On Tuesday,
AT&T Inc. acknowledged that a limited number of customers lost one or more services for a few hours on Monday. Let's take AT&T at its word and say it was just a couple of clusters of a few thousand customers out of the millions it serves. Why make such a big deal of it?
We think it's an example of what can happen when the customer experience isn't managed well. A quick poll of my U-verse subscribing neighbors, friends and Twitter followers first alerted me that a few folks in different states were seeing outages of Internet access, pay TV and voice services. But AT&T, via its social media accounts, said nothing for several hours.

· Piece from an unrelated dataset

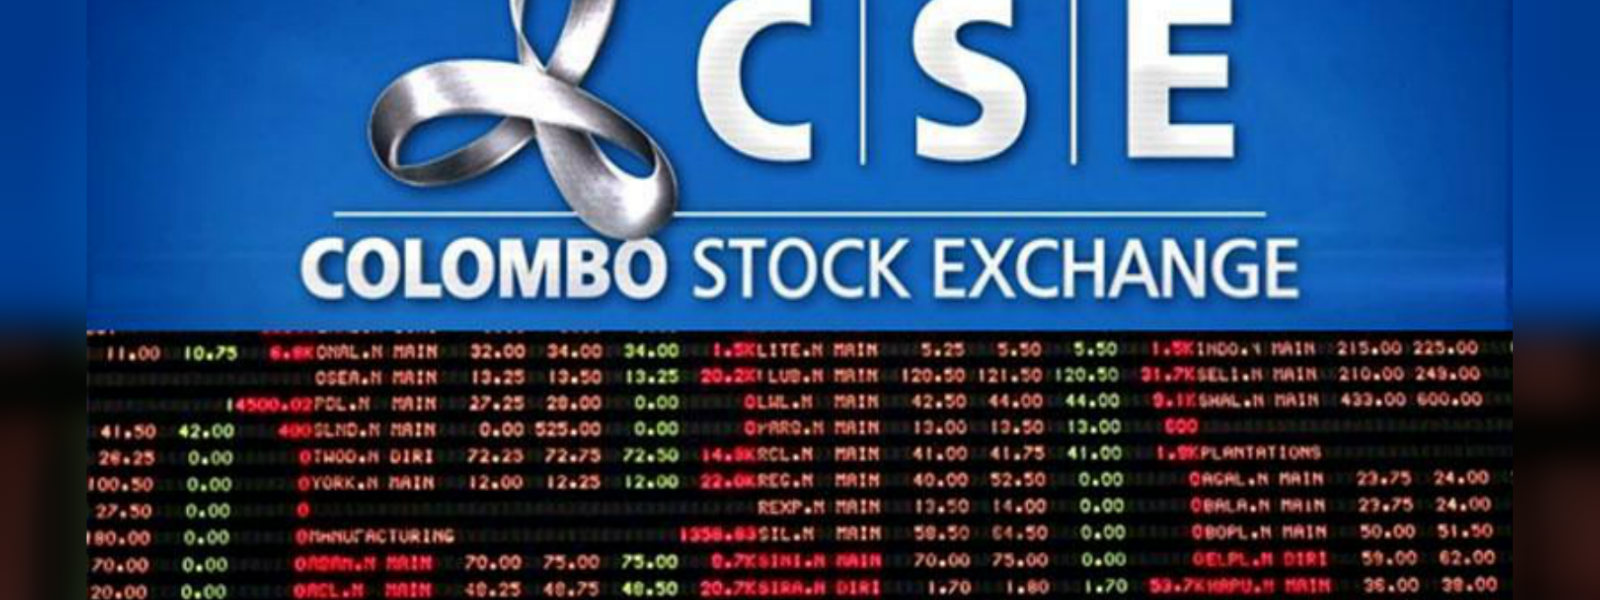 Trading at the Colombo Stock Exchange halted

Why bother everyone with news about a limited outage? I think any company that trots its executives out on a Las Vegas stage to brag unceasingly about its media reviews, developer prowess and 4G network improvements has set a public expectation that it will be more open.
So we find it surprising that, instead of giving specifics, AT&T would rather let its (disappointed) customers vent on social networks when it could have told a solid story using its own network data. That seems like the sort of thing most companies would be wise enough to address with enough clarity that it doesn't balloon into a bigger story.
Why else should a company as big as AT&T try to set an example in customer experience management? I'll answer that question by posing three more: How should customers reconcile an unexplained, multistate, multiservice outage with the idea of AT&T Digital Life? Would it give anyone pause to turn over more control of their homes -- via home automation and home security services -- to a company that doesn't talk openly about what's going on in its network?
At a time when service providers are trying to get a bigger share of consumer spending, is it too much for consumers to expect better communication and a little accountability when things don't go so well?